Таким образом, классическое искусство можно сравнить с развалинами никогда не бывшего вполне законченным строения, первоначальную форму которого приходится восстанавливать на основании рассеянных далеко друг от друга обломков и страдающих неполнотой сведений, и, быть может, совсем даже не неверно утверждение, что никакая эпоха во всей истории итальянского искусства не известна нам столь мало, как золотой его период.

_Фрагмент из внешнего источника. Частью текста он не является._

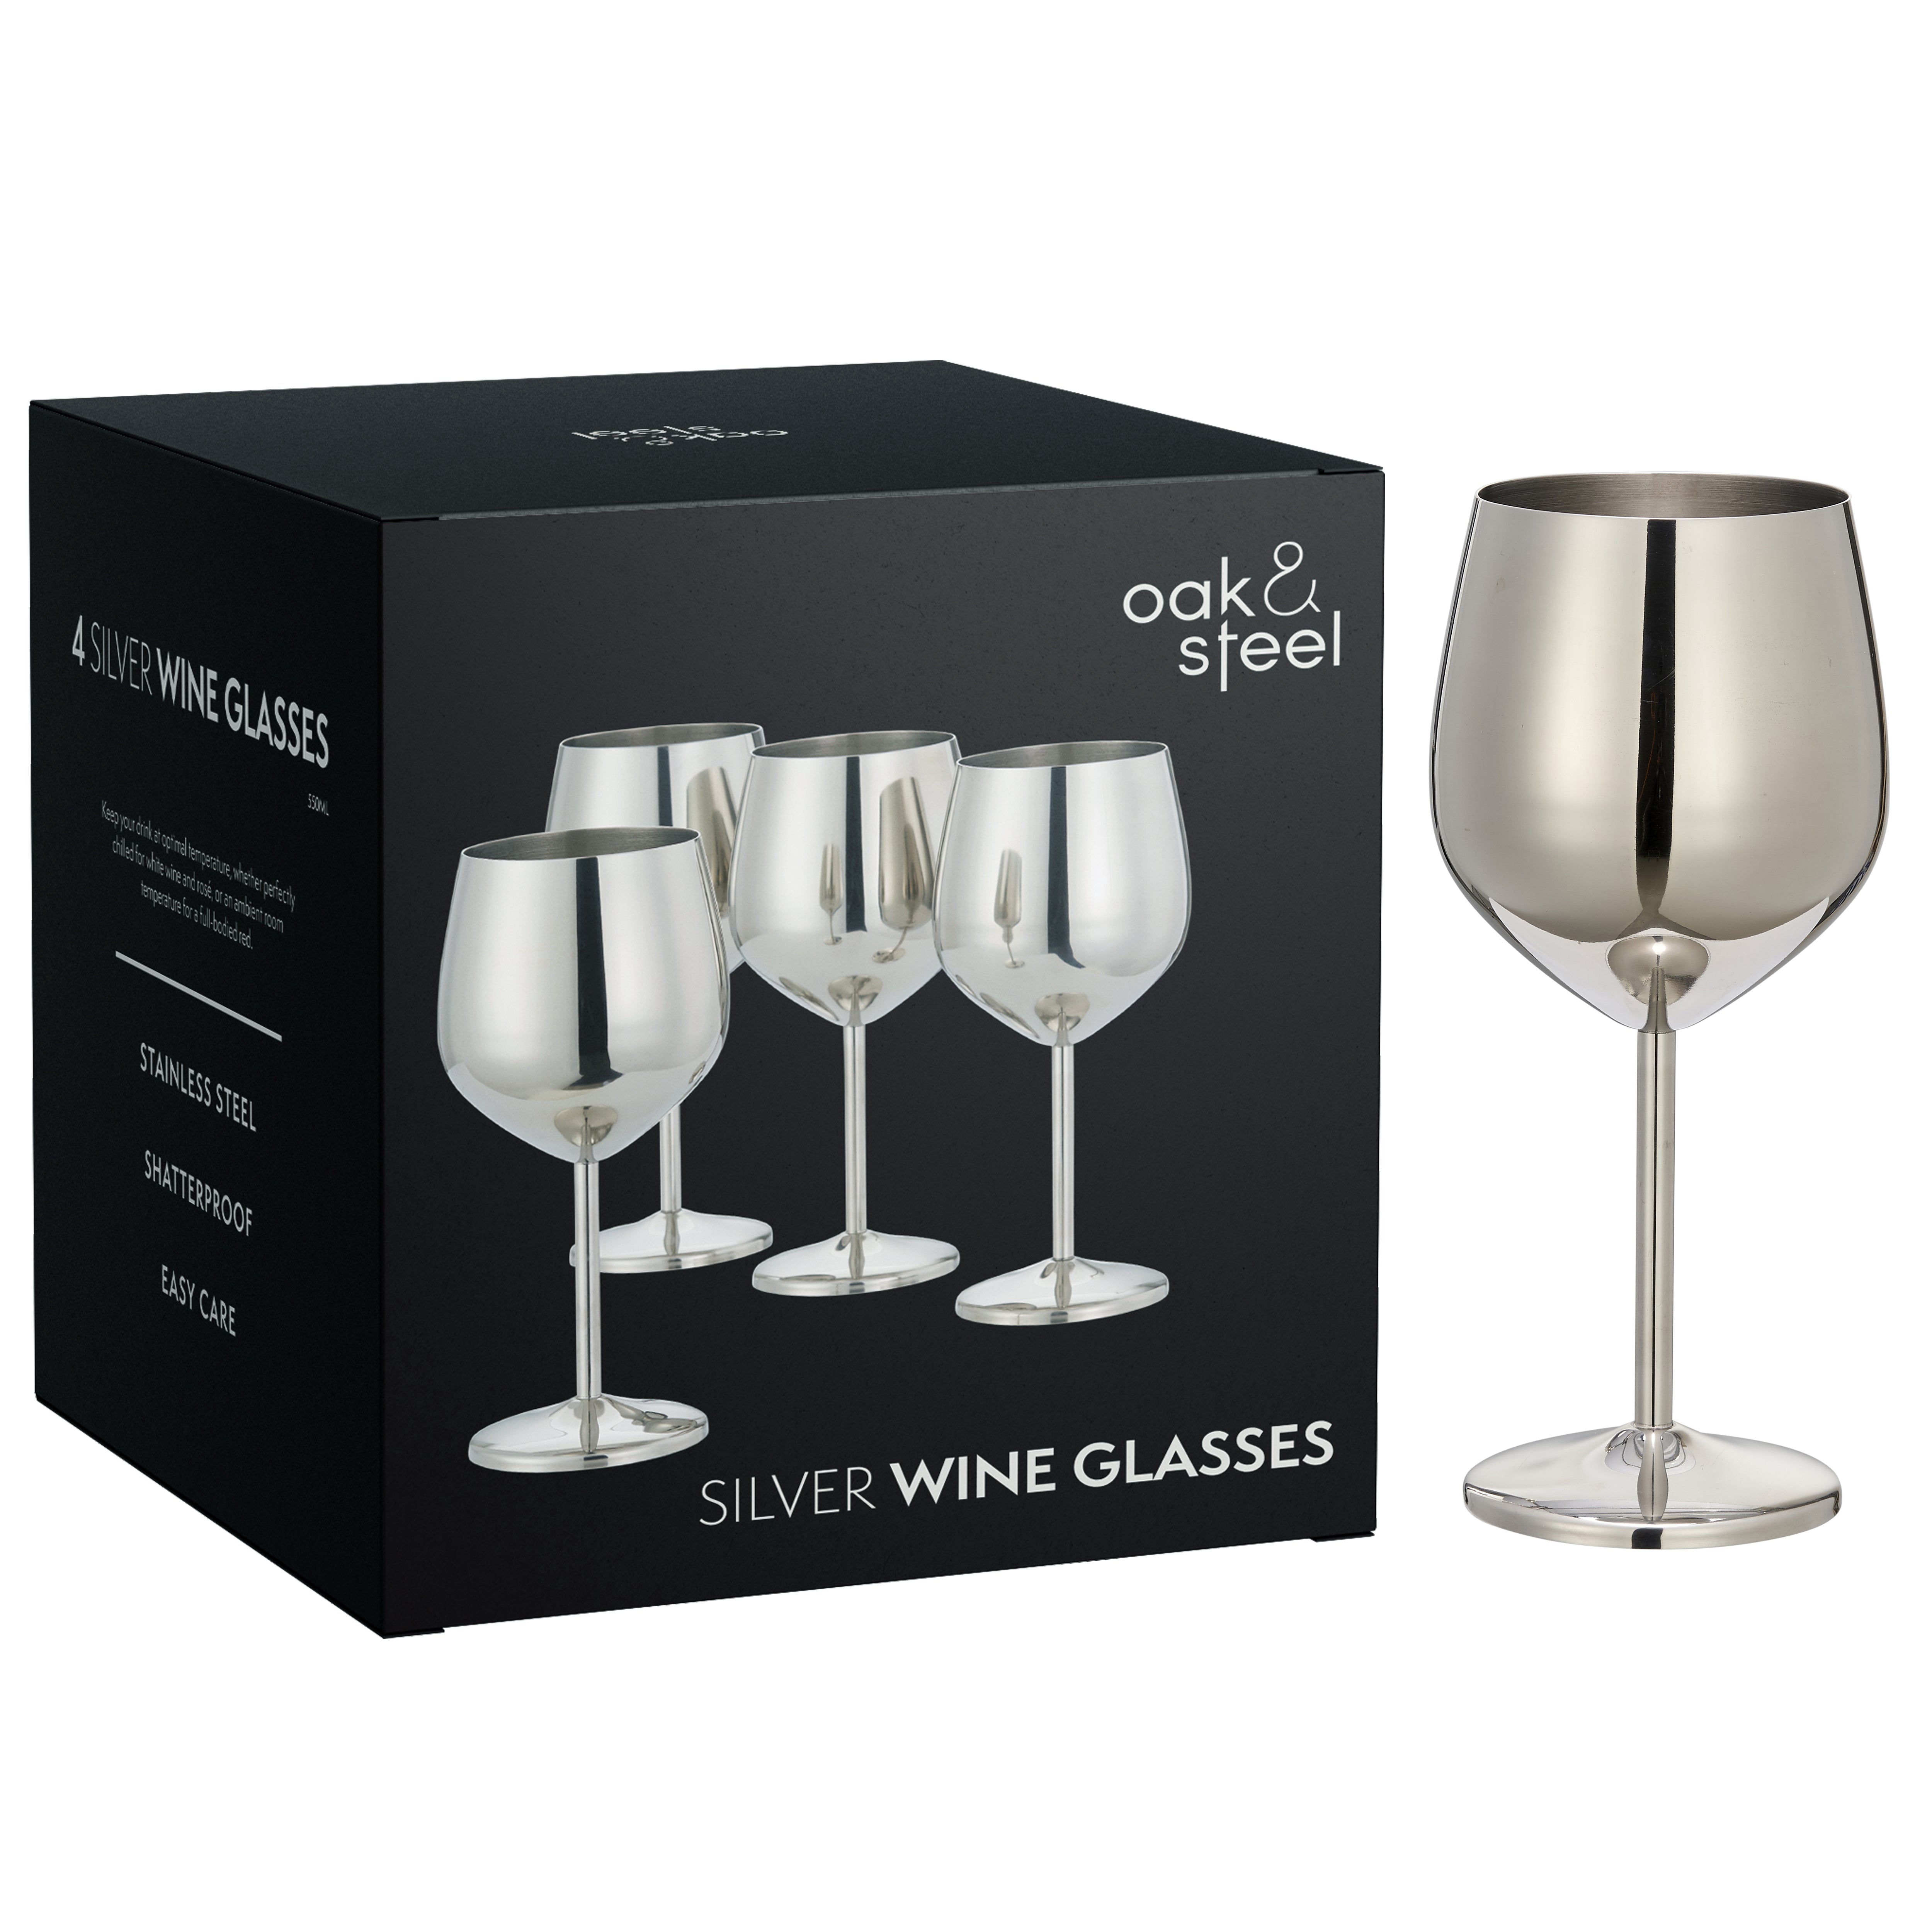 4 Silver Stainless Steel Wine Glasses – Oak & Steel

1. Рафаэль. Афинская школа. Ватикан.
У истоков итальянской живописи стоит Джотто. Это он развязал искусству язык. То, что написано им, наделено даром речи, и его повествования переживаются нами. Джотто осваивает широкие просторы человеческого восприятия, он изображает библейские повествования и легенды о святых, и всякий раз это становится живым, убедительным событием. Эпизод ухватывается им в полном его объеме, и вся сцена преподносится нам с полнотою впечатления от окружающей обстановки — так, как она и должна представляться нашему взору. Джотто перенимает тот исполненный сердечности подход к истолкованию повествований священной истории с наделением их задушевными черточками, который доводилось в те времена встречать у проповедников и поэтов, принадлежавших к направлению св. Франциска. Однако существенная часть вклада Джотто не в поэтической изобретательности, но в художественном изображении, в придании зримого облика тому, что прежде никто не изображал. Его взор был открыт навстречу выразительному в явлении, и, возможно, никогда живопись не расширяла свои выразительные возможности так значительно за один прием, как это произошло при нем. Однако Джотто не следует представлять каким-то христианским романтиком, как бы не выпускающим из рук томик сердечных излияний какого-нибудь францисканского монаха [3] Г. Вёльфлин обыгрывает название труда Г. В. Вакенродера «Сердечные излияния монашествующего любителя искусств», Берлин, 1797, являющегося классическим для эпохи немецкого романтического возрождения. — Прим. из английского перевода. Прим. перев.
, а его искусство — расцветшим от дыхания той великой любви, с которой святой из Ассизи свел небо на землю, а мир превратил в небо. Джотто вовсе не мечтатель, но человек действительности; он не лирик, но наблюдатель: как художник, он никогда не распалял себя до захлестывающей с головой выразительности, но всегда говорил веско и отчетливо.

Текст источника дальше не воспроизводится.